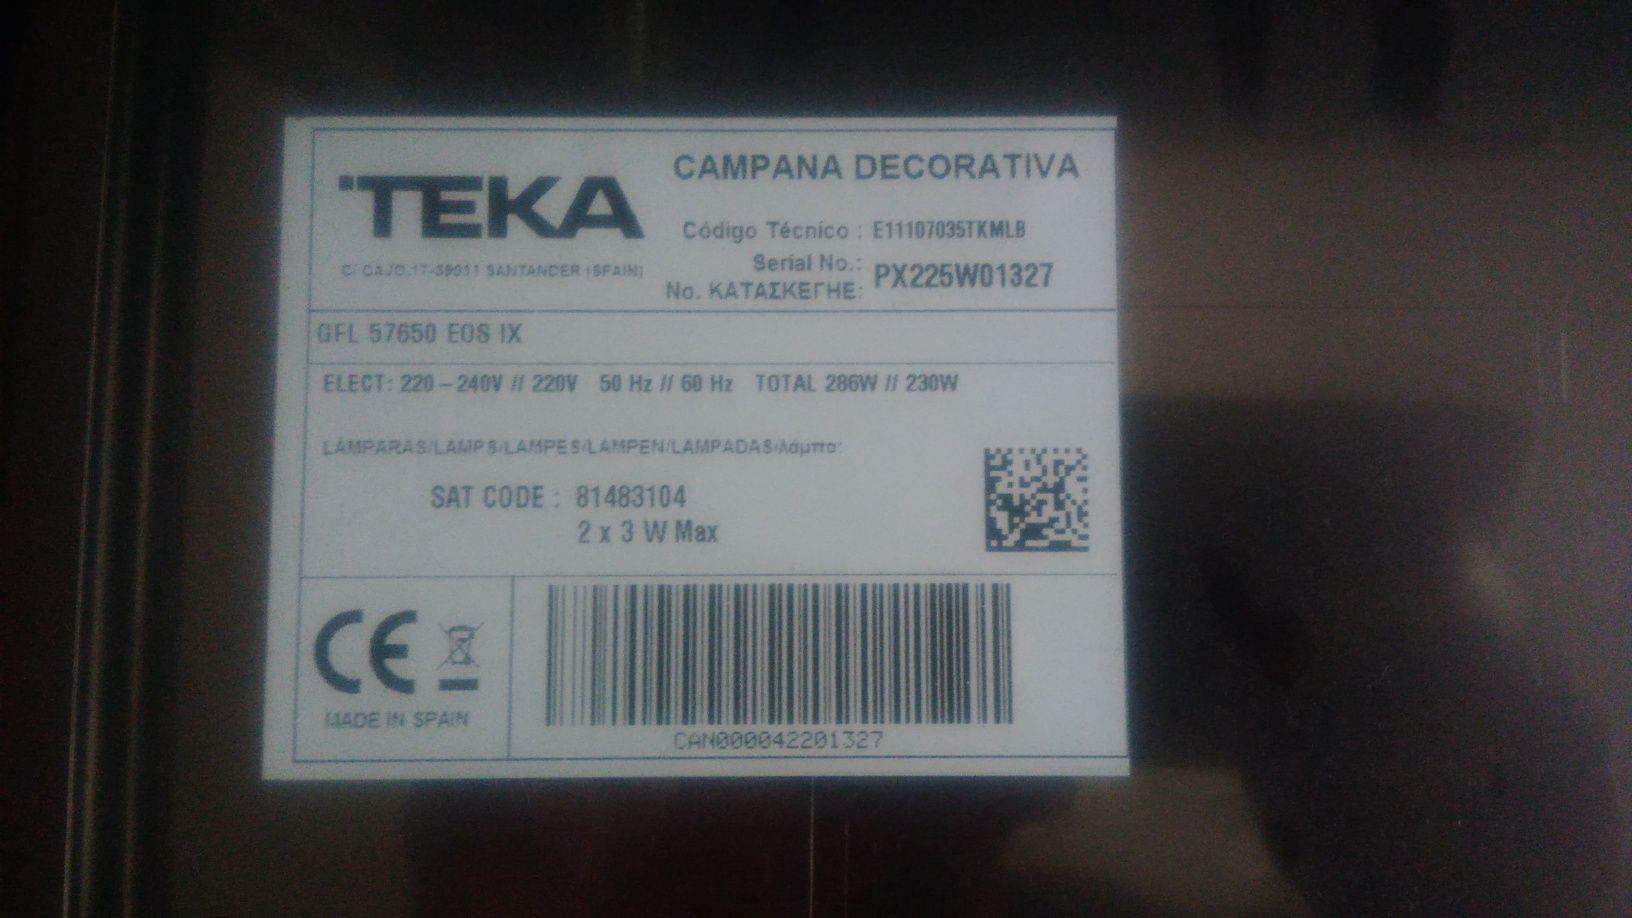 Exaustor Teka na caixa gfl57650 eos ix
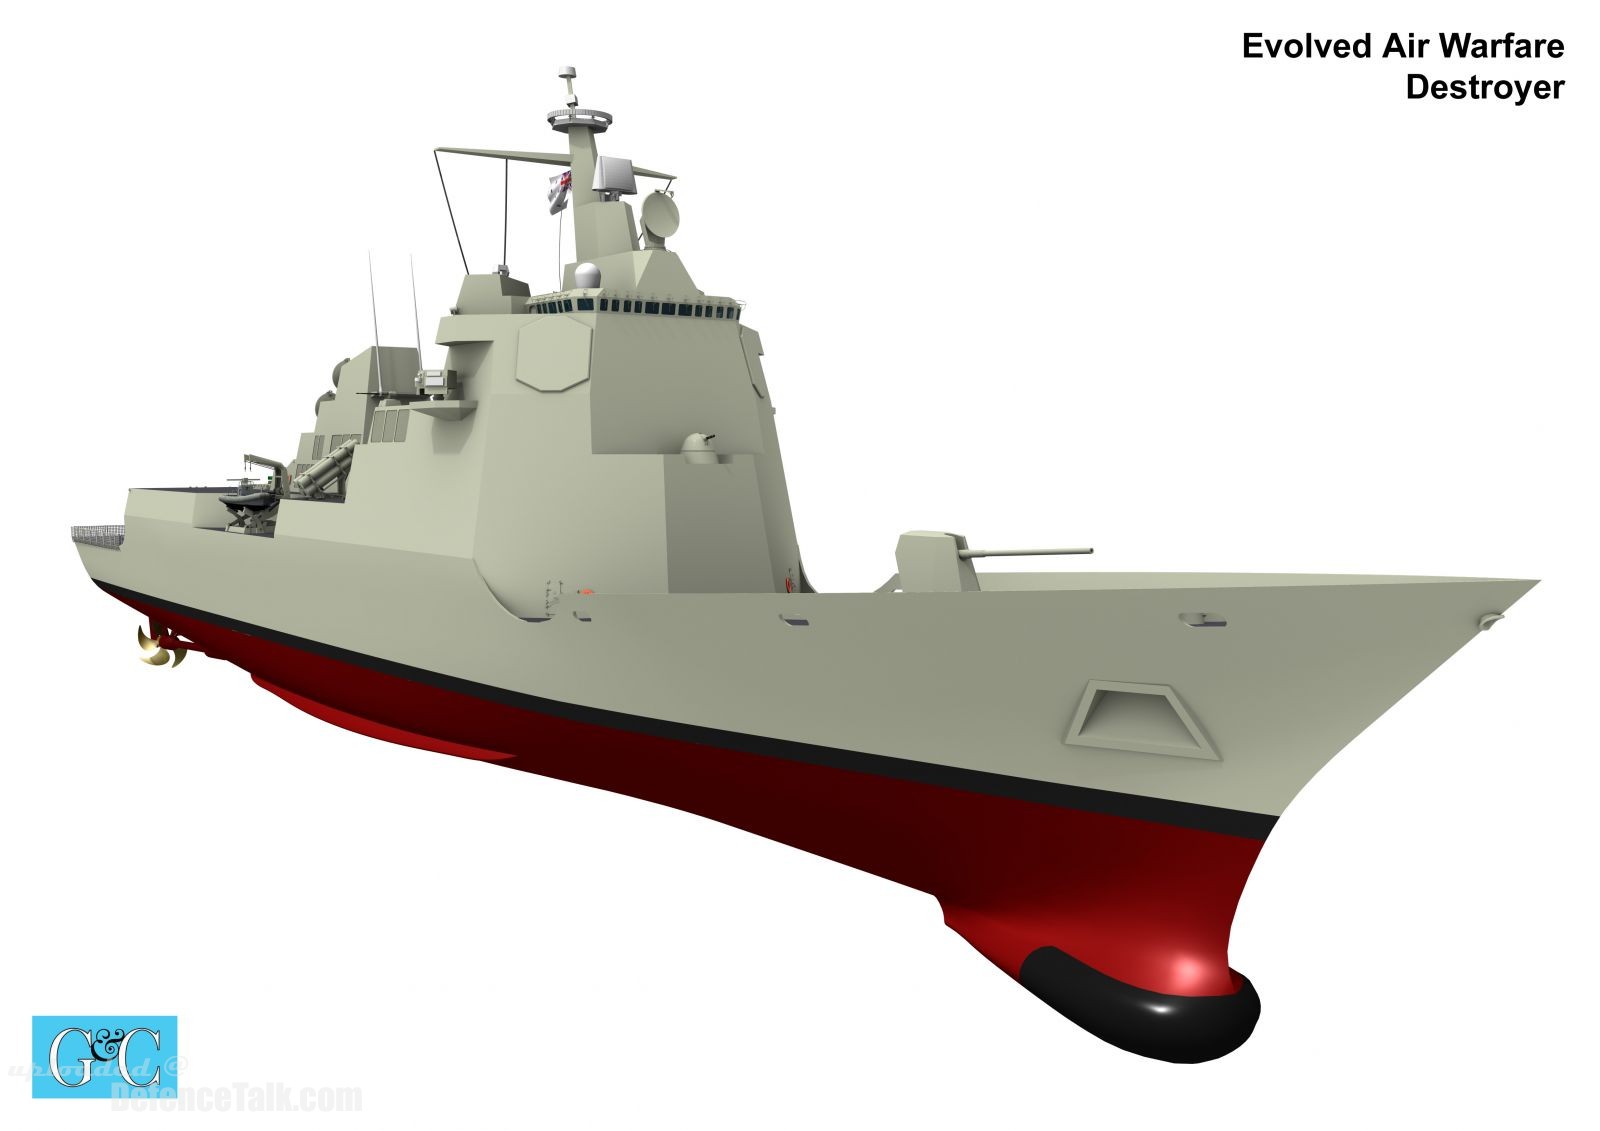 Australia's Air Warfare Destroyer, Evolved Design
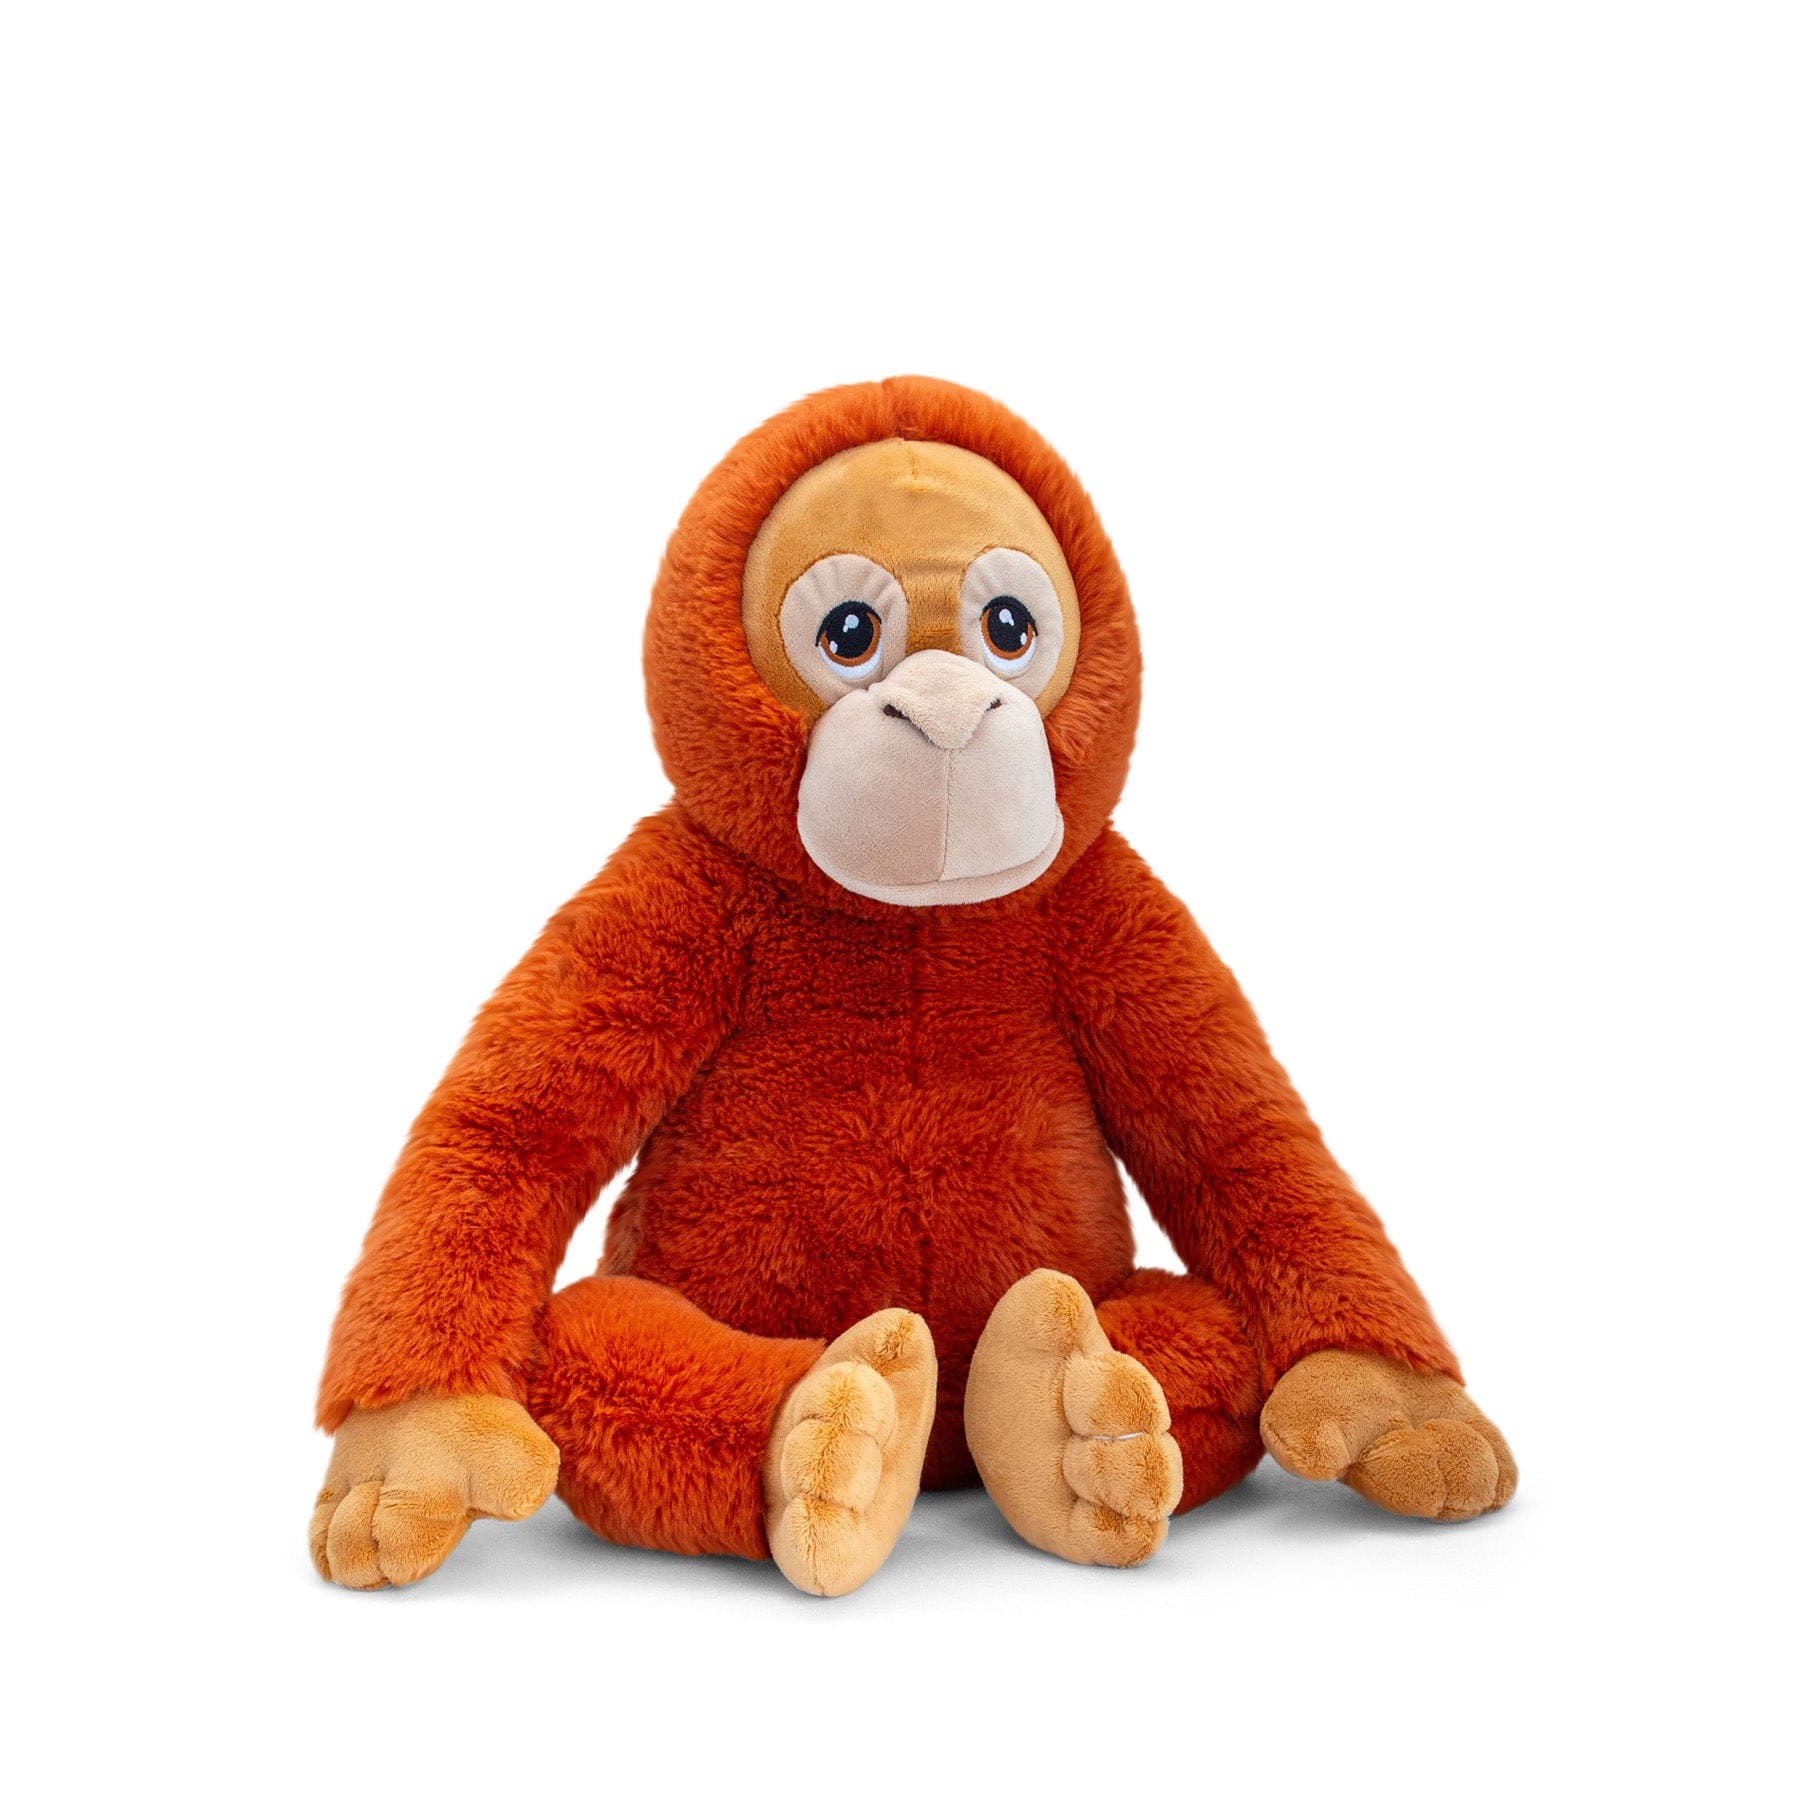 Orange plush monkey toy with sad eyes sitting isolated on white background.
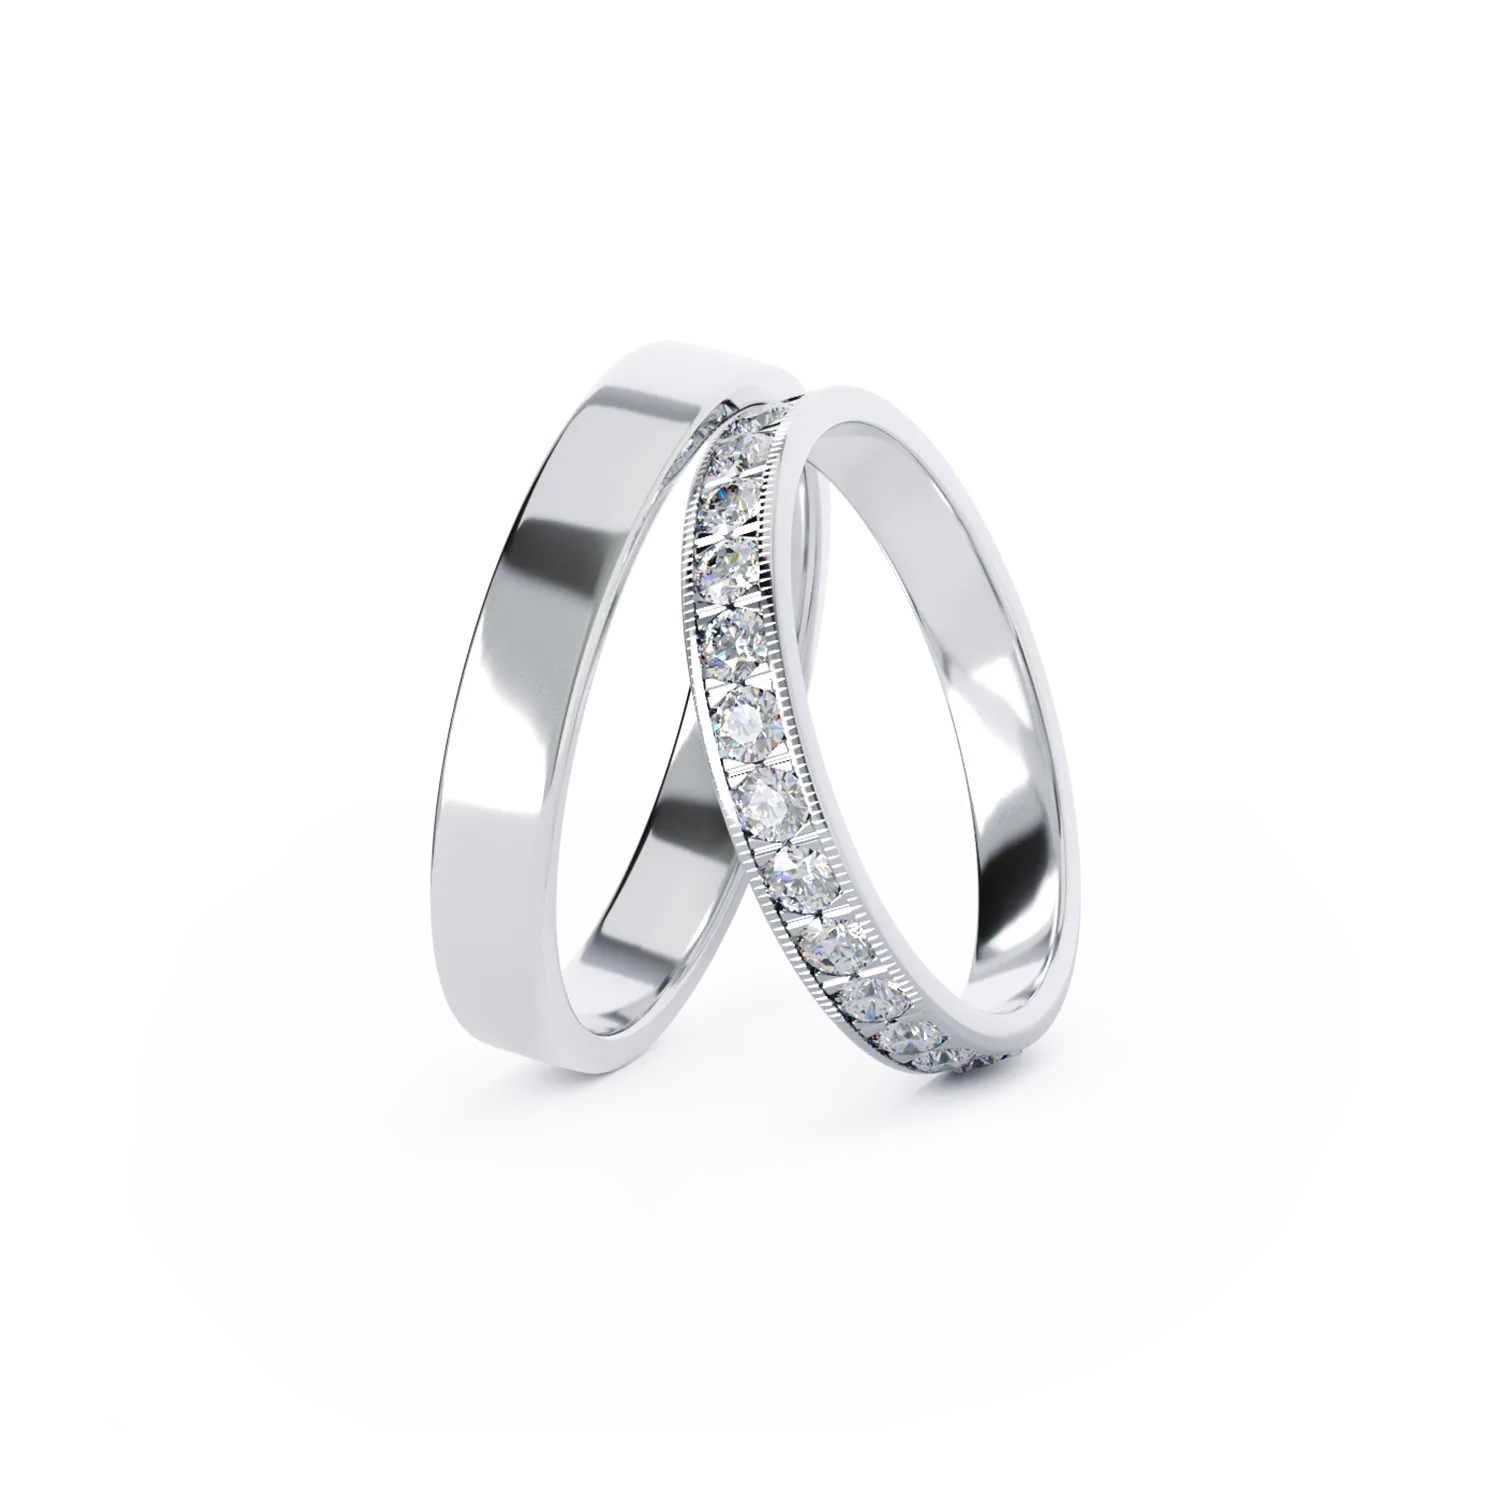 TEI-ABBY arany karikagyűrűk

_Work instructions_.
When you transcribe the lines above, keep every word exact but leave the pictures behind.

_Written response_.
 Exaustor Teka na caixa gfl57650 eos ix
 Australia's Air Warfare Destroyer, Evolved Design
 Orange plush monkey toy with sad eyes sitting isolated on white background.
 TEI-ABBY arany karikagyűrűk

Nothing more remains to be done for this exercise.